230 millilitres de sang s’étaient accumulés entre son crâne et la surface de son cerveau. Il y avait des signes d’étranglement.
Bakhytzhan Baizhanov, un parent de Bishimbayev, directeur du complexe où se trouvait le restaurant, a été condamné à quatre ans de prison pour dissimulation d’un crime.
Il a affirmé lors du procès que Bishimbayev lui avait demandé de supprimer les images des caméras de surveillance.
Le 13 mai, la Cour suprême d’Astana a condamné Kuandyk Bishimbayev, 44 ans, à 24 ans de prison pour le meurtre de Saltanat Nukenova, 31 ans.
Mais Au Kazakhstan, où des centaines de femmes meurent chaque année aux mains de leur partenaire, il n’a pas été facile d’obtenir une condamnation.
Les agresseurs ne sont traduits en justice que dans un cas de violence domestique sur quatre dans le pays, estime l’ONU.
Beaucoup de femmes ont trop peur pour porter plainte.
Comme le dit le frère de Saltanat, les femmes kazakhes «Ils ont déjà crié, mais on ne les a jamais entendus. »
Saltanat a passé son enfance dans la ville de Pavlodar, au nord-est du pays, près de la frontière du Kazakhstan avec la Russie.
Après avoir terminé ses études, il a déménagé dans l’ancienne capitale, Almaty, où il a vécu pendant une courte période avec son unique frère aîné, Aitbek Amangeldy.
“Cette période a été précieuse pour notre relation”, explique Aitbek, détaillant comment lui et sa sœur ont développé une relation étroite jusqu’à l’âge adulte.
Saltanat Nukenova portait Mariée à Kuandyk Bishimbayev depuis moins d’un an lorsqu’il l’a tuée.
Il a été arrêté en 2017 pour corruption et finalement condamné à 10 ans de prison, après avoir passé moins de trois ans derrière les barreaux.
À l’époque, Saltanat travaillait comme astrologue, une passion qui a commencé après que sa marraine lui ait offert un livre quand elle avait neuf ans, raconte son frère.
“Elle a aidé des femmes qui se trouvaient dans différents types de situations difficiles, qu’il s’agisse de relations familiales, de mariage ou d’enfants”, a-t-elle expliqué, se souvenant de sa sœur joyeuse et souriante et de son rêve d’ouvrir une école d’astrologie.

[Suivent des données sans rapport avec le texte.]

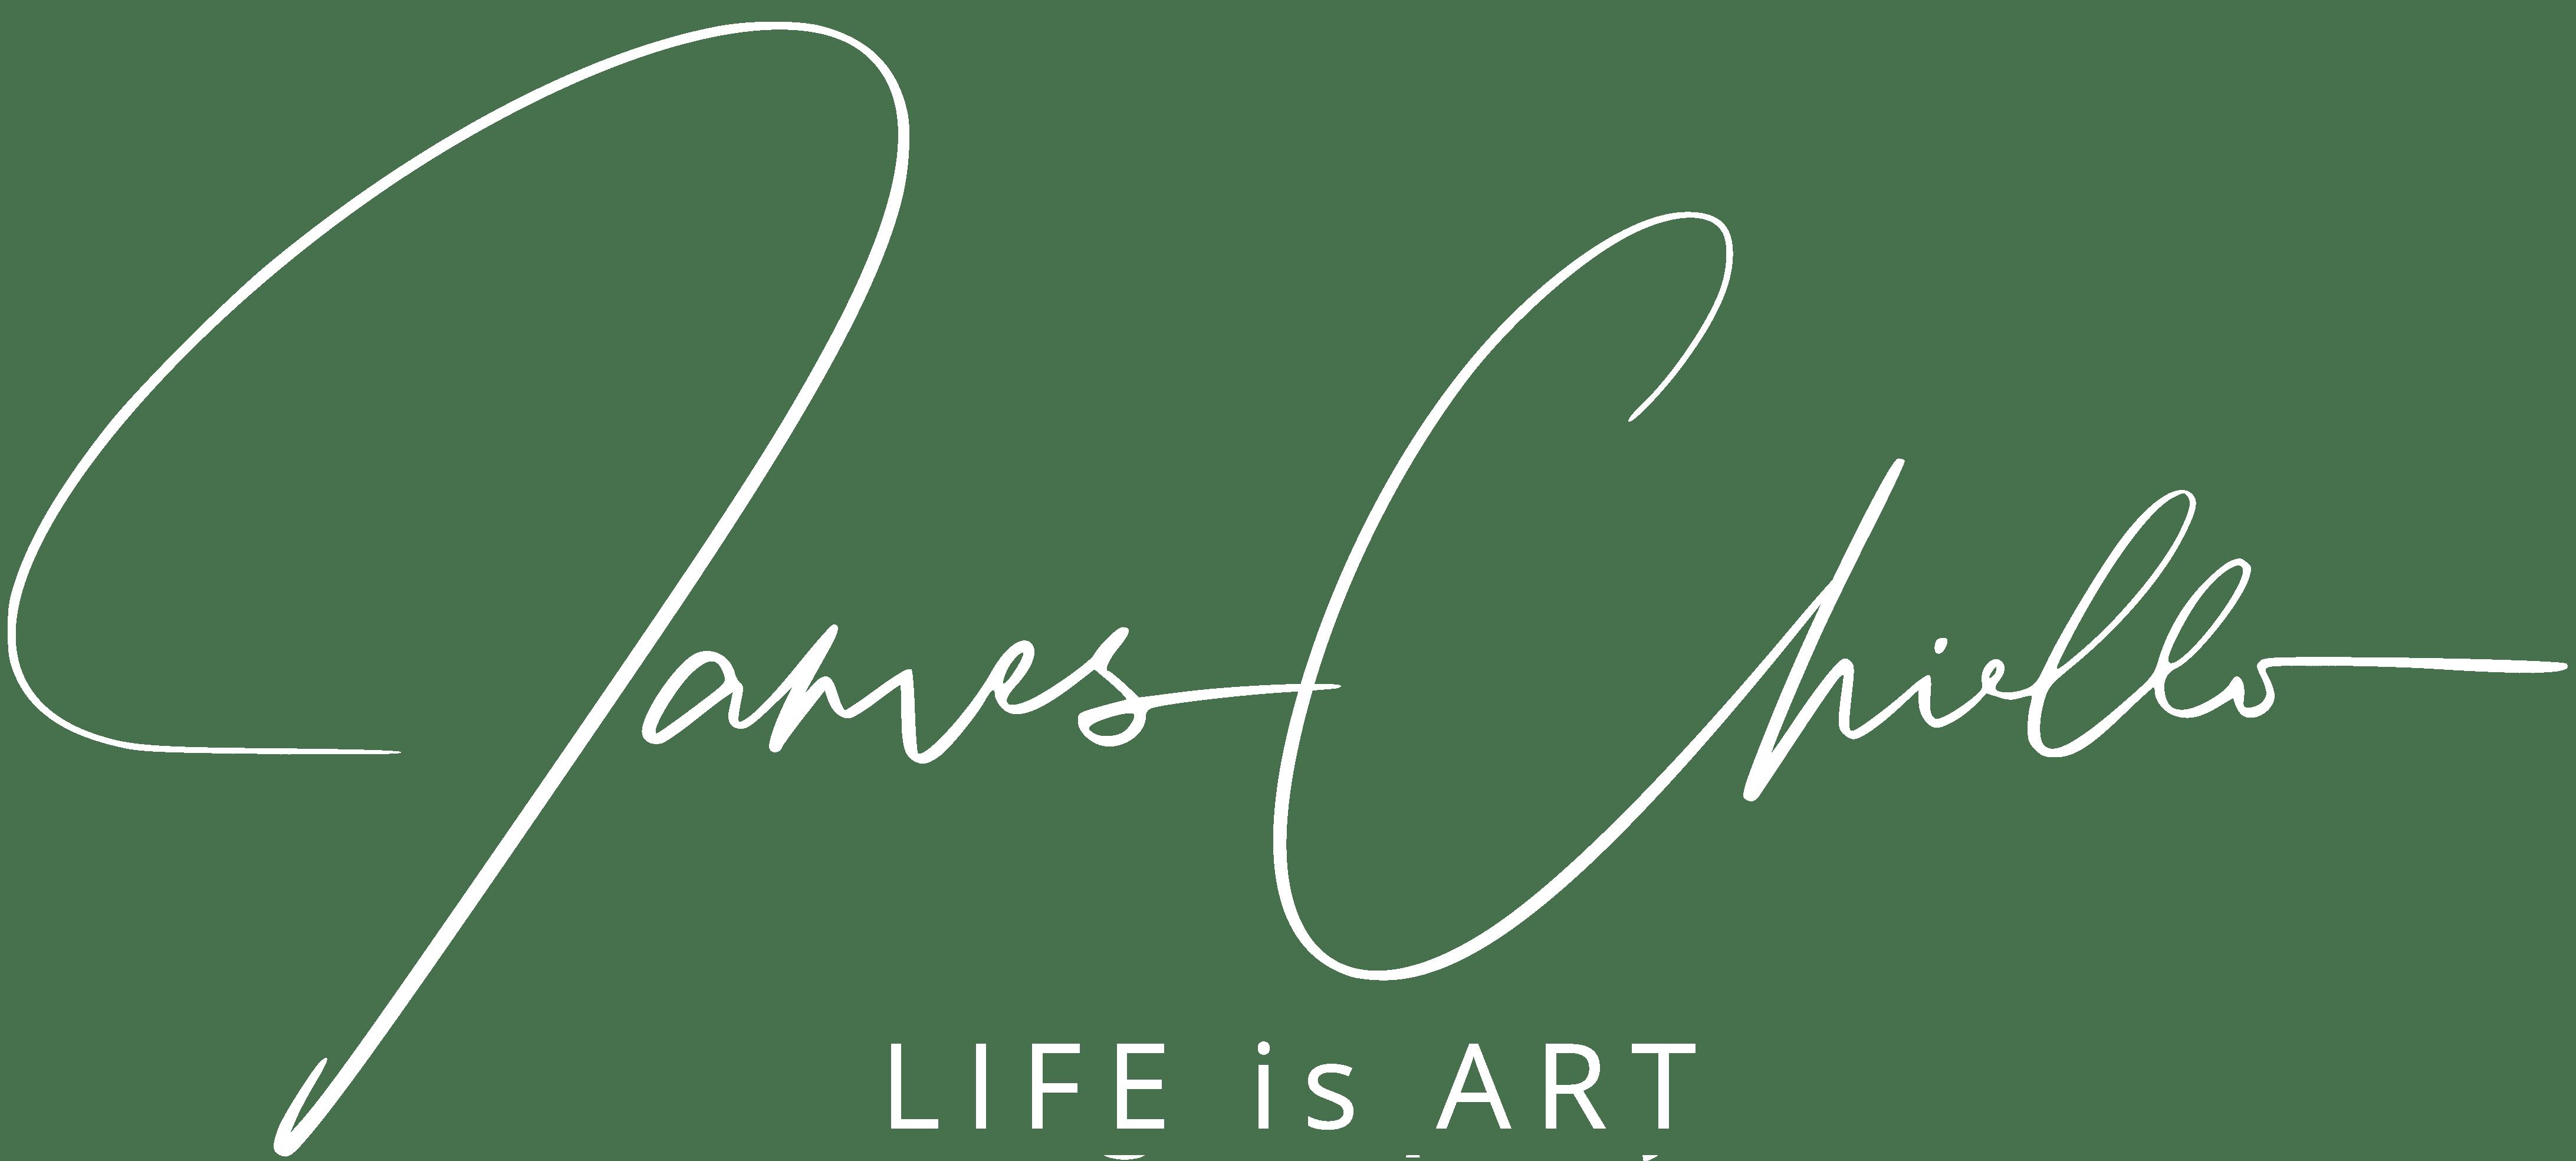 James Christopher Knight company logo

Une cour « longue et obsessionnelle »
Dans son témoignage, Aitbek a déclaré que Bishimbayev avait tenté d’organiser une rencontre avec Saltanat, qui avait initialement rejeté la demande.
Il a déclaré qu’une « cour longue et obsessionnelle » a suivi et que Bishimbayev a réussi à obtenir le numéro de téléphone de Saltanat.
Aïtbek affirme que sa sœur lui a montré des messages dans lesquels Bishimbayev lui demandait de le rencontrer et l’encourageait à ne pas croire tout ce qui avait été écrit et dit à son sujet.
Quelques mois après cette rencontre, ils se sont mariés. Et les problèmes n’ont pas tardé à commencer.
Saltanat a partagé des photos d’ecchymoses avec son frère et a tenté de quitter son mari à plusieurs reprises.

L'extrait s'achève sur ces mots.